Иногда даже успевали получить квартиру, но отец сразу развязывал войну по
всем фронтам -- от местного партийного начальства до бездарного, с его точки
зрения, научного руководства того или иного института. Несмотря на полную
реабилитацию отца, к делу быстро подключалось местное КГБ и, стремясь
выполнить указания властей, начинало всячески досаждать нам, так что нашей
семье снова приходилось сниматься с места.

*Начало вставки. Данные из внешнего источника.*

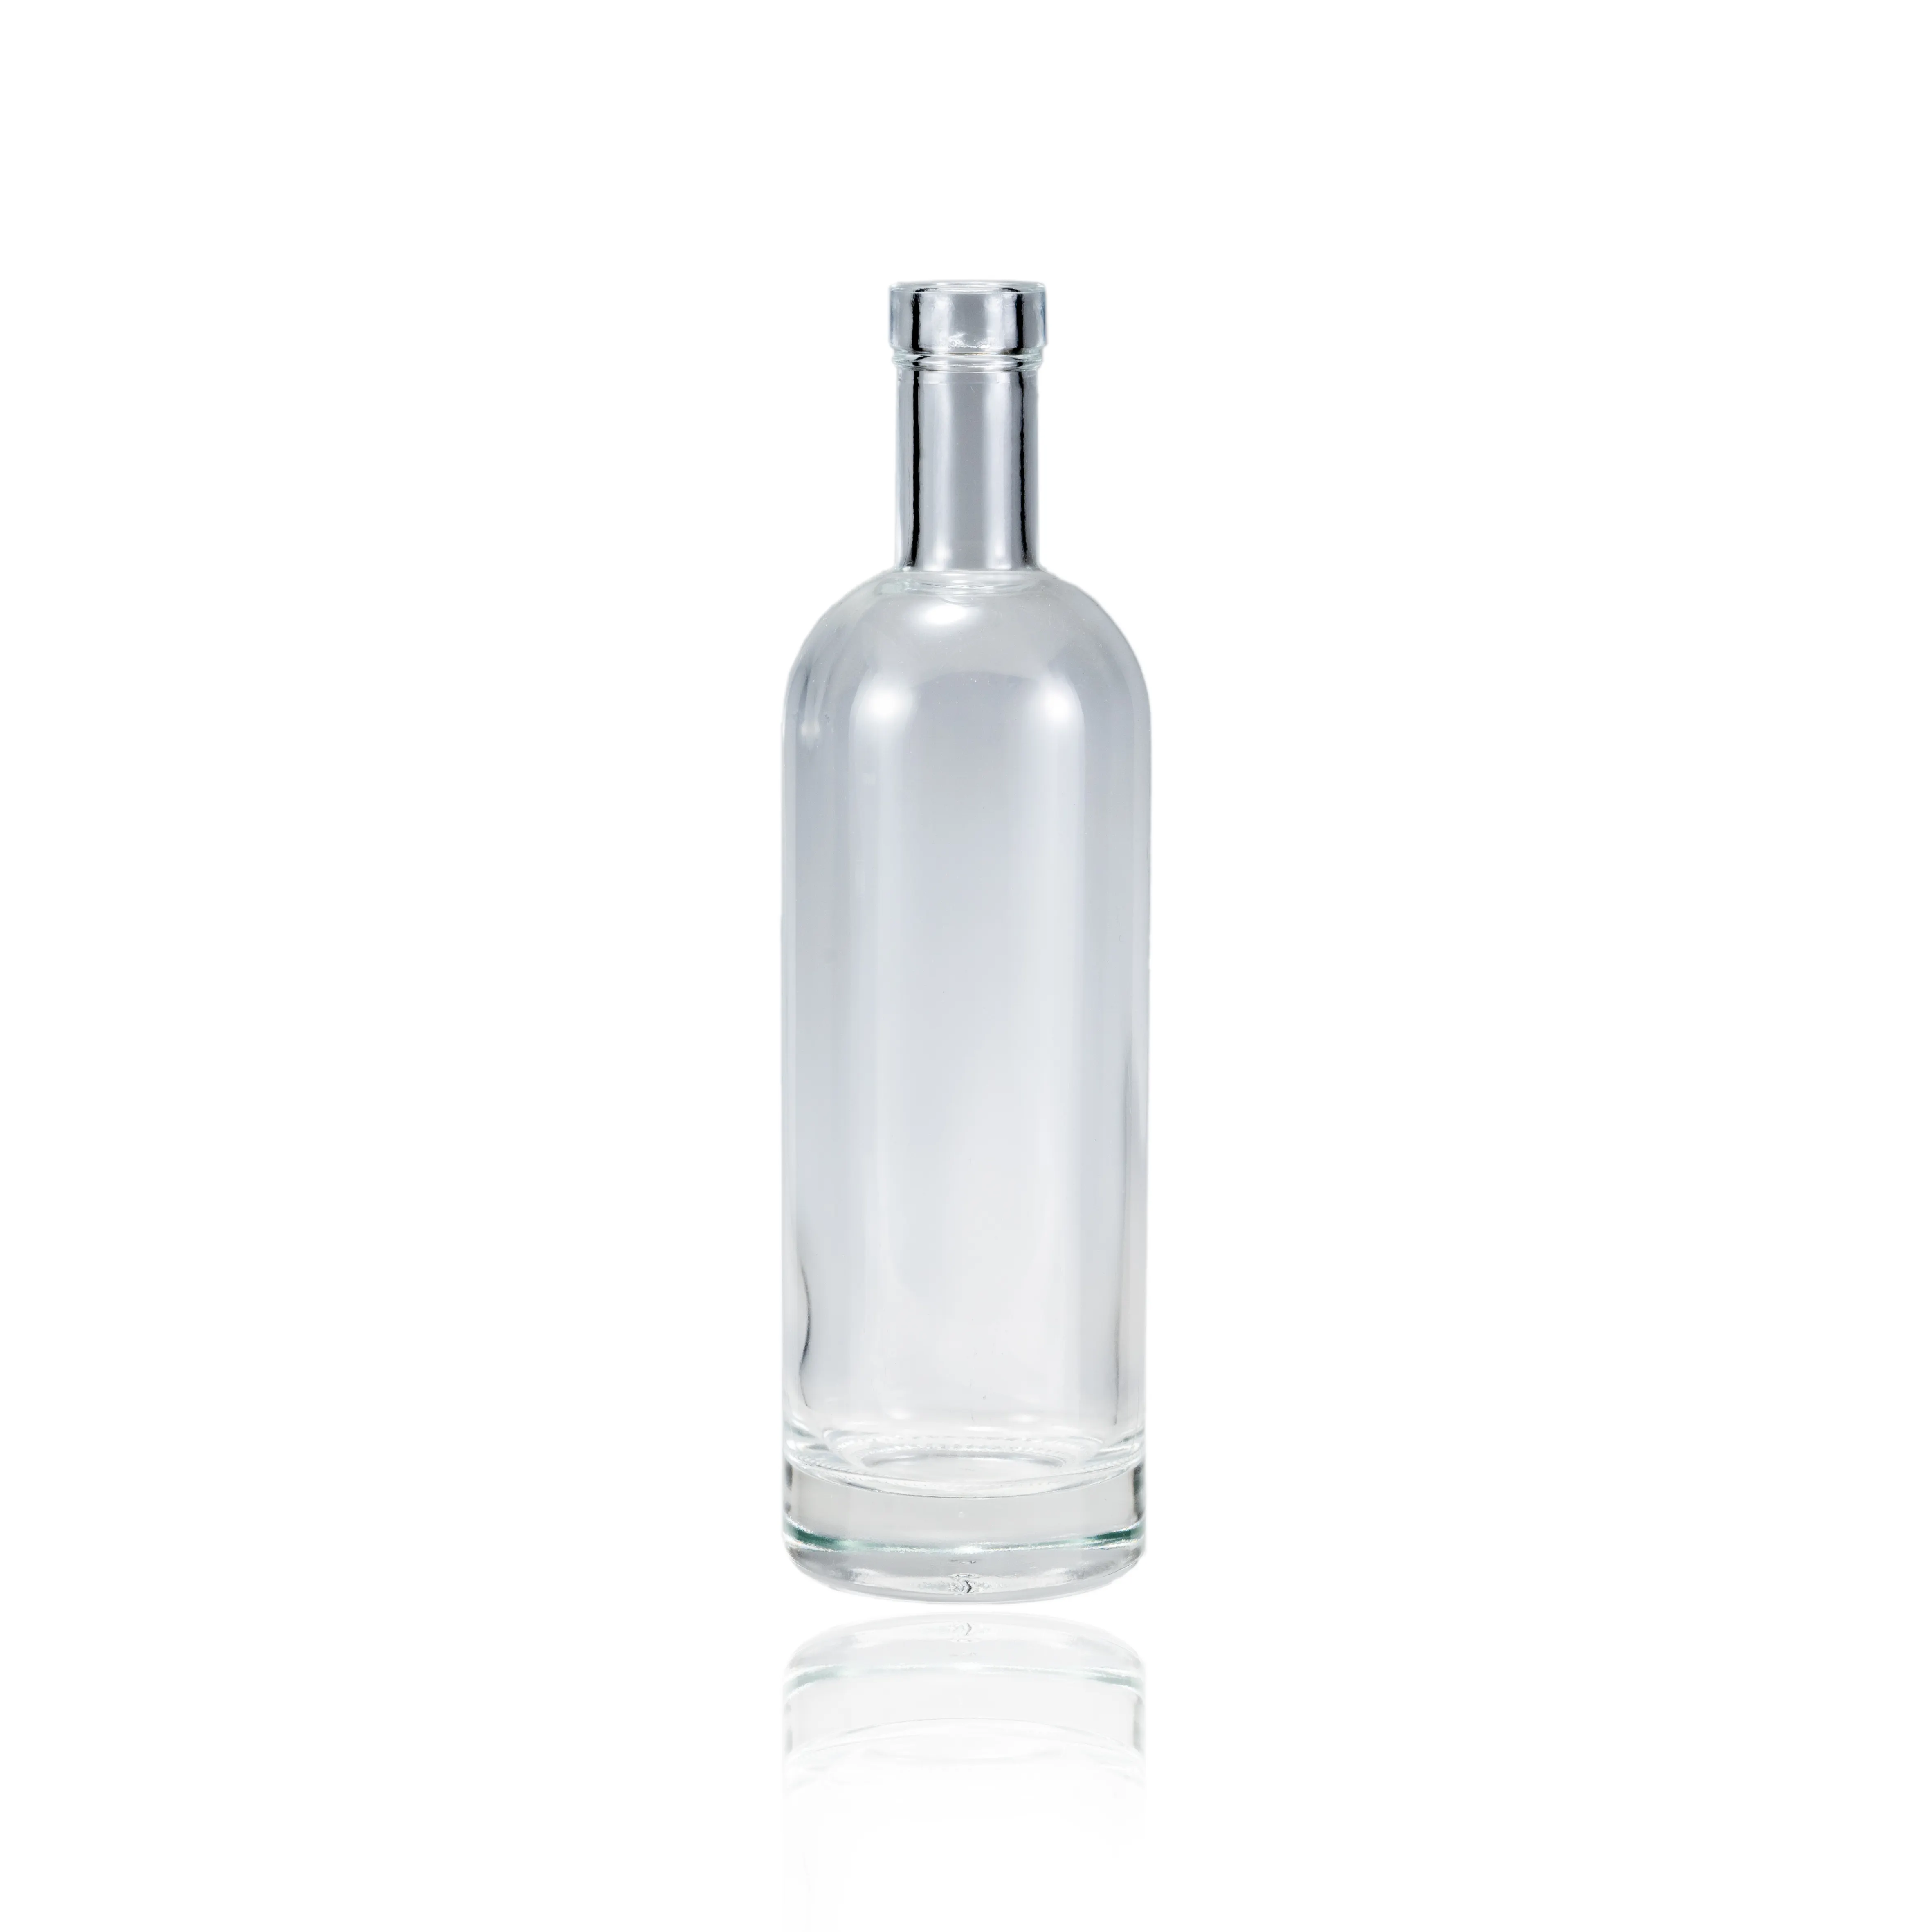 Runde 500ml kurze Hals transparente Wodka Rum Tequila Schnaps Glas Weinflasche mit Kork deckel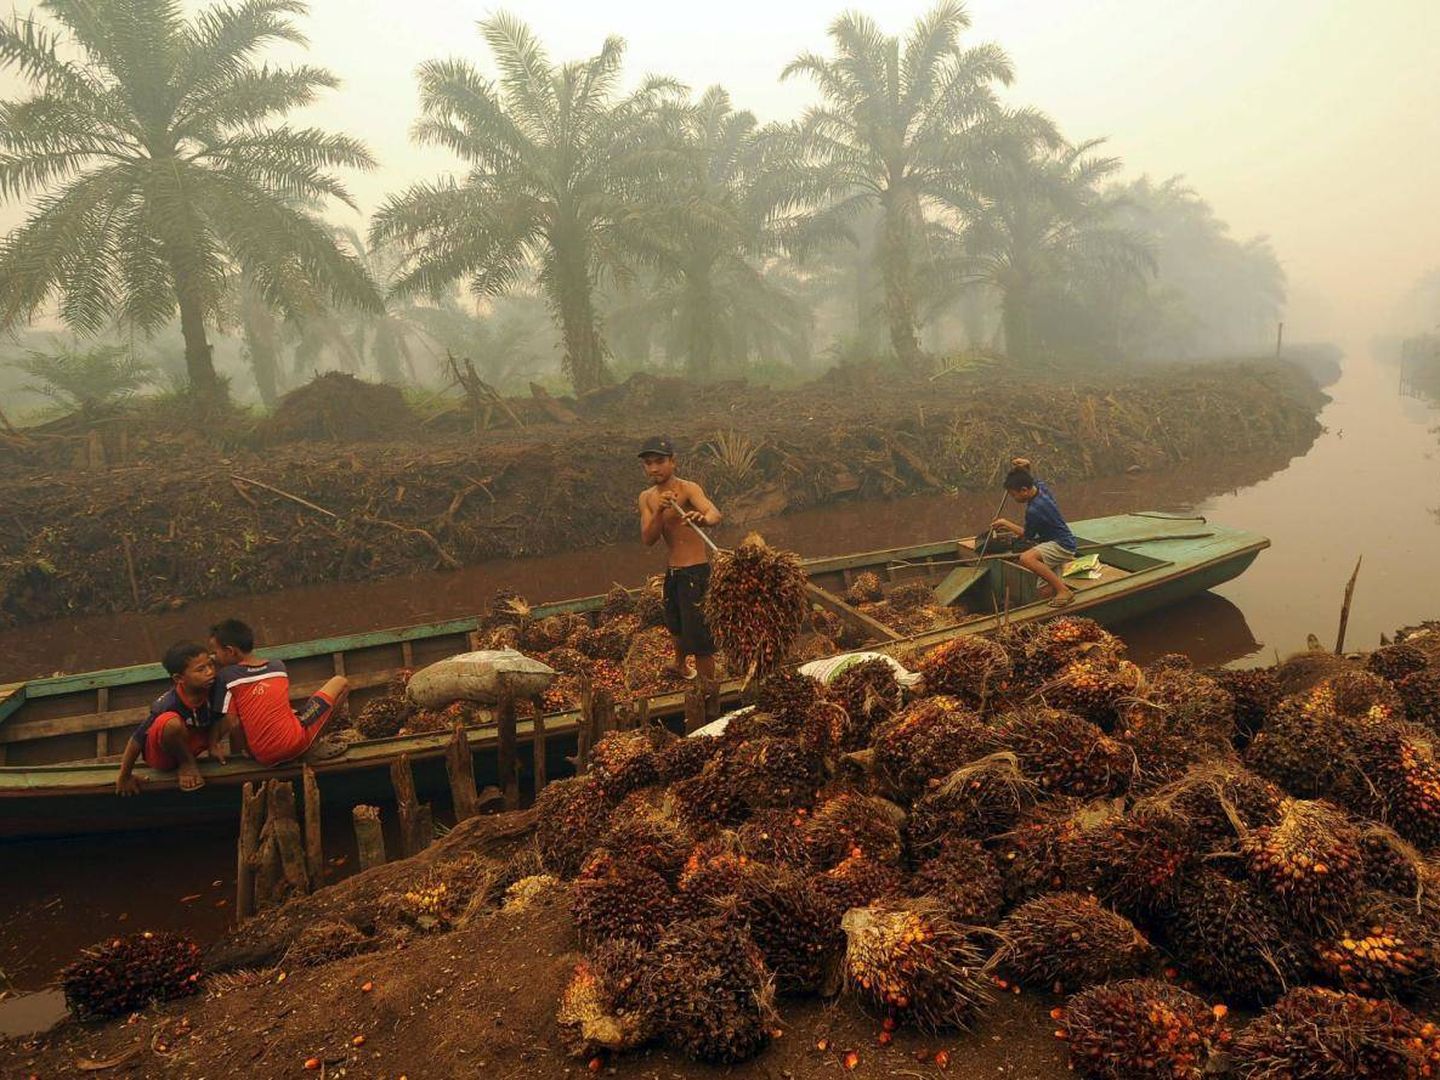 Trabajadores descargan frutos en una plantación de aceite de palma en Sumatra. (Reuters)

Мой отец -- абсолютно бесстрашный человек. Будучи загнанным в Тамбов,
вынужденный работать в провинциальном вузе, он восстал против культа
единоличной власти тамошнего первого секретаря Черного -- был такой
монструозный член ЦК, если кто помнит. Не захотел принимать в институт
людей, которым тот протежировал. В одиночку объявил войну первому секретарю
обкома, -- моя дочь, например, уже и представить себе не может, чем это было
тогда чревато... Сломить отца так и не смогли -- зато в отместку отняли
боевые награды. И все из чувства подлой мести. Его судьба явилась для меня
примером гордой неуступчивости и мужества. Между прочим, чтобы написать нашу
семейную сагу -- историю семьи во многих ее проявлениях, в том числе и
нелицеприятных, -- мне тоже потребовалась толика экзистенциальной смелости.
В одной из статей мой роман уже как-то сравнивали с семейной киноповестью
Бергмана, выстроившего свою эстетику на болезненном противостоянии двух
полов и поколений -- старшего и младшего. Действительно, в нашей семье,
история которой сложилась столь фантастично, было немало "бергмановского" и
одновременно латиноамериканского: взаимные уходы и измены, роение страстей
своевольных и самолюбивых, скорых на решения людей, симметричное
самоубийство под колесами поезда двух возлюбленных -- со стороны матери и со
стороны отца, рождение больного ребенка, что, по-видимому, явилось
результатом неосторожного обращения отца с радиоактивными материалами.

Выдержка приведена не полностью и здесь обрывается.